Filmin başlangıç ve son sahnelerinde ahlaksal çöküşün İtalya’ya getirdiği sonuçların altı çizilir; 1265-1321 yılları arasında yaşamış, “İlahi Komedya”nın yazarı İtalyan ozan ve politikacısı Dante Alighieri’ye göndermeler yapılır. 1950’li yılların ikinci yarısı İtalya’da faşizmin yeniden hortladığı yıllardır.
Fellini, yönettiği tüm filmlerinde yoksulların acılarını dile getirmiş, yükselen burjuvaziyi eleştirmiş, toplumsal yozlaşmaya dikkat çekmiş, “La Strada/Sonsuz Sokaklar” (1954), “Le Notte di Cabiria/Cabiria’nın Geceleri” (1957), “Otto Mezzo/Sekiz Buçuk” (1963) ve “Amarcord /Amarcord” (1973) ile dört kez “En İyi Yabancı Film” Oscar ödülüne layık görülmüştür.
Onlar yaşadıkları dönemin ressamları, yontucuları, tiyatrocuları, müzisyenleri, yazarları ve şairleriyle Batı’daki ‘1968 Baharı’nın sanatsal, estetik zeminini oluşturdular.
Benzer gelişmeler Türkiye’de de yaşandı. Metin Erksan, Atıf Yılmaz, Zeki Ökten, Şerif Gören, Yılmaz Güney gibi yönetmenlerimiz değerlerini günümüzde de koruyan “büyük” filmler ürettiler. Tiyatromuz senarist, yönetmen ve oyuncularıyla 1960’lı yılların ikinci yarısından 1970’lerin sonuna kadar altın çağını yaşadı. Şairlerimiz, yazarlarımız birbirinden değerli ölümsüz yapıtlar ürettiler.

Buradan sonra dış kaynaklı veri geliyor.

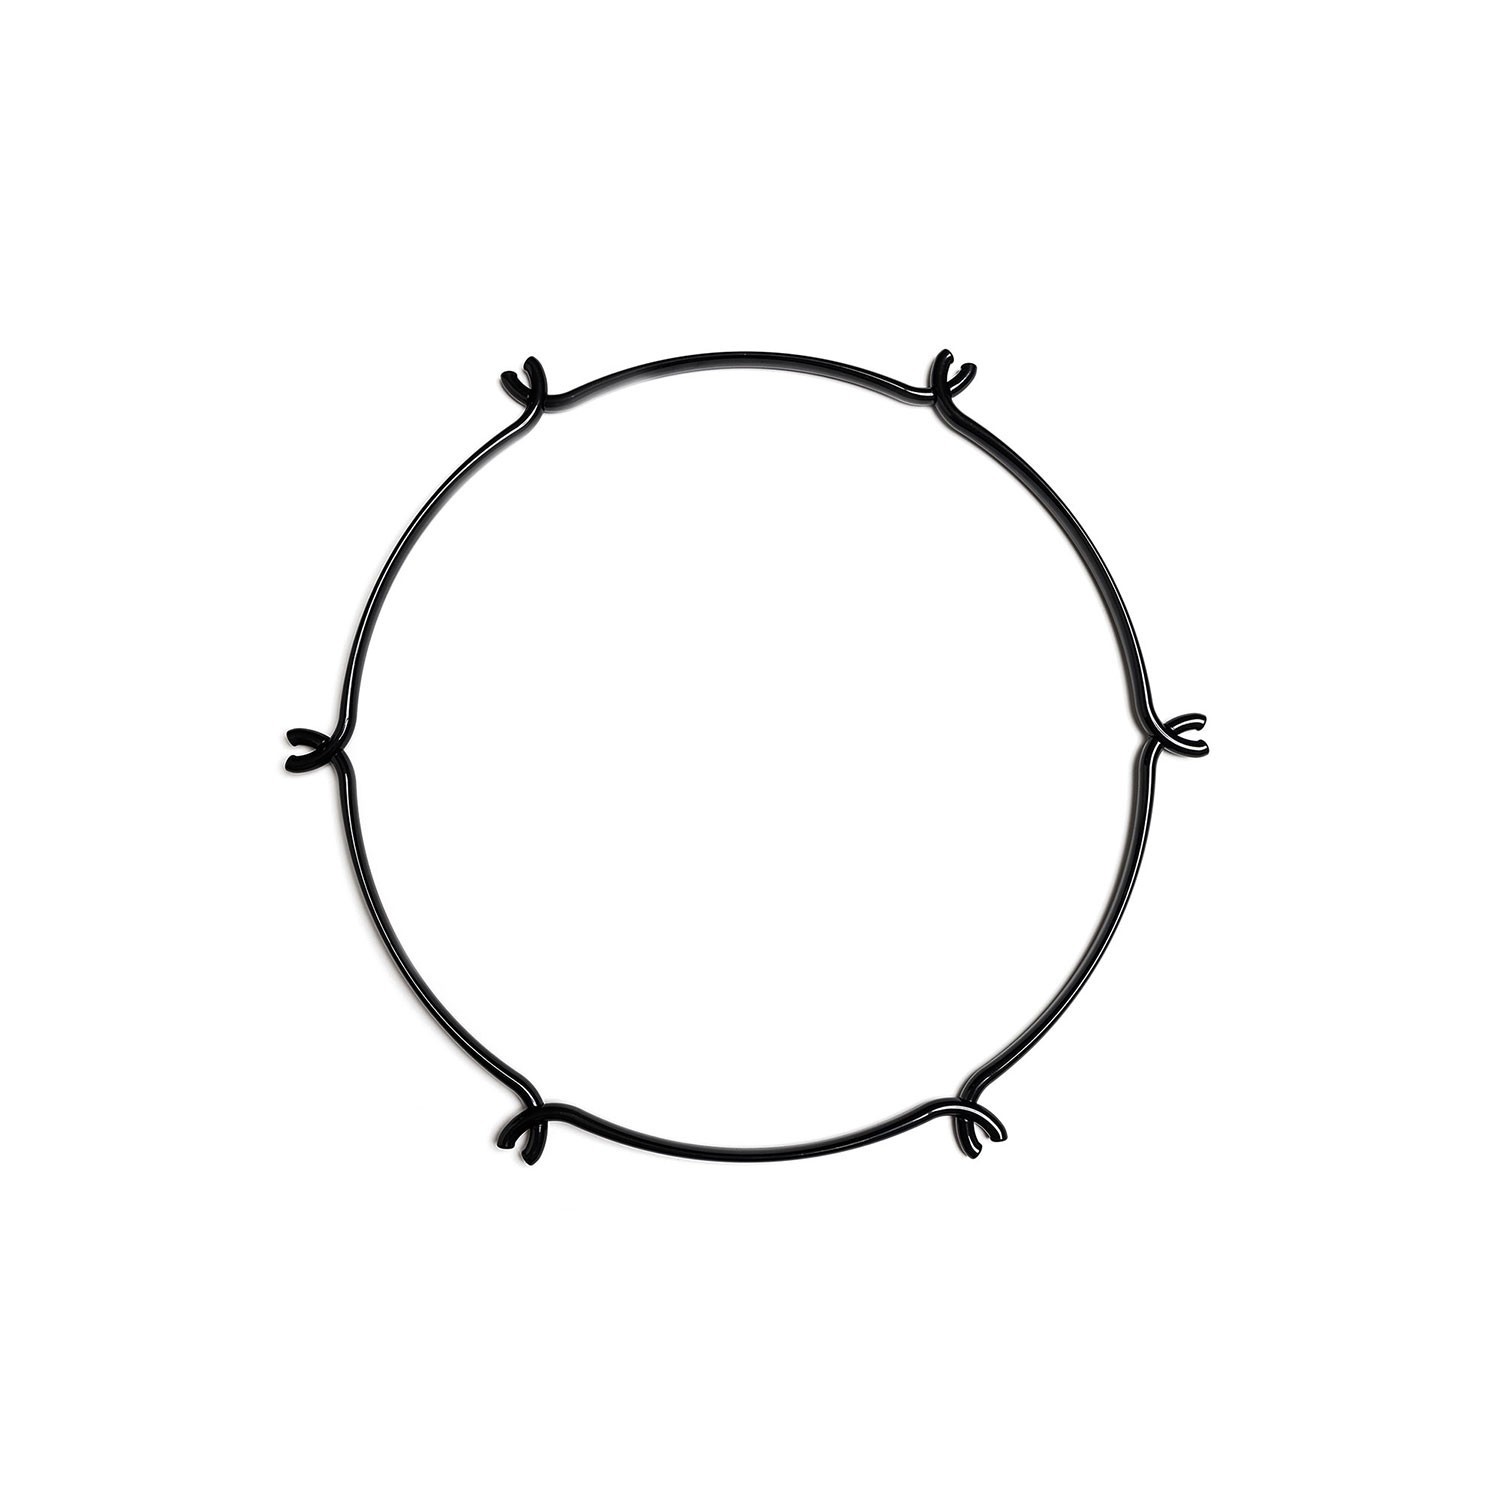 Cage Circular - Estructura para lámparas tipo araña

Bugün eğer dünyada ve ülkemizde her türlü yozlaşmaya karşı durabiliyorsak onları iyi anlamaya çalışmış olmamızdan, onlardan çok şey öğrenmemizdendir.
Farkındayım, bu, zamansız bir yazı oldu. Kimi okurlarım, bu konu da nereden çıktı diye sorabilirler.
Doğrusu ben de bilmiyorum; herhalde nerede ve neden orada durduğumuzu anlamak için arada bir geriye dönüp bakmanın anlamlı olacağını düşündüğümden olacak.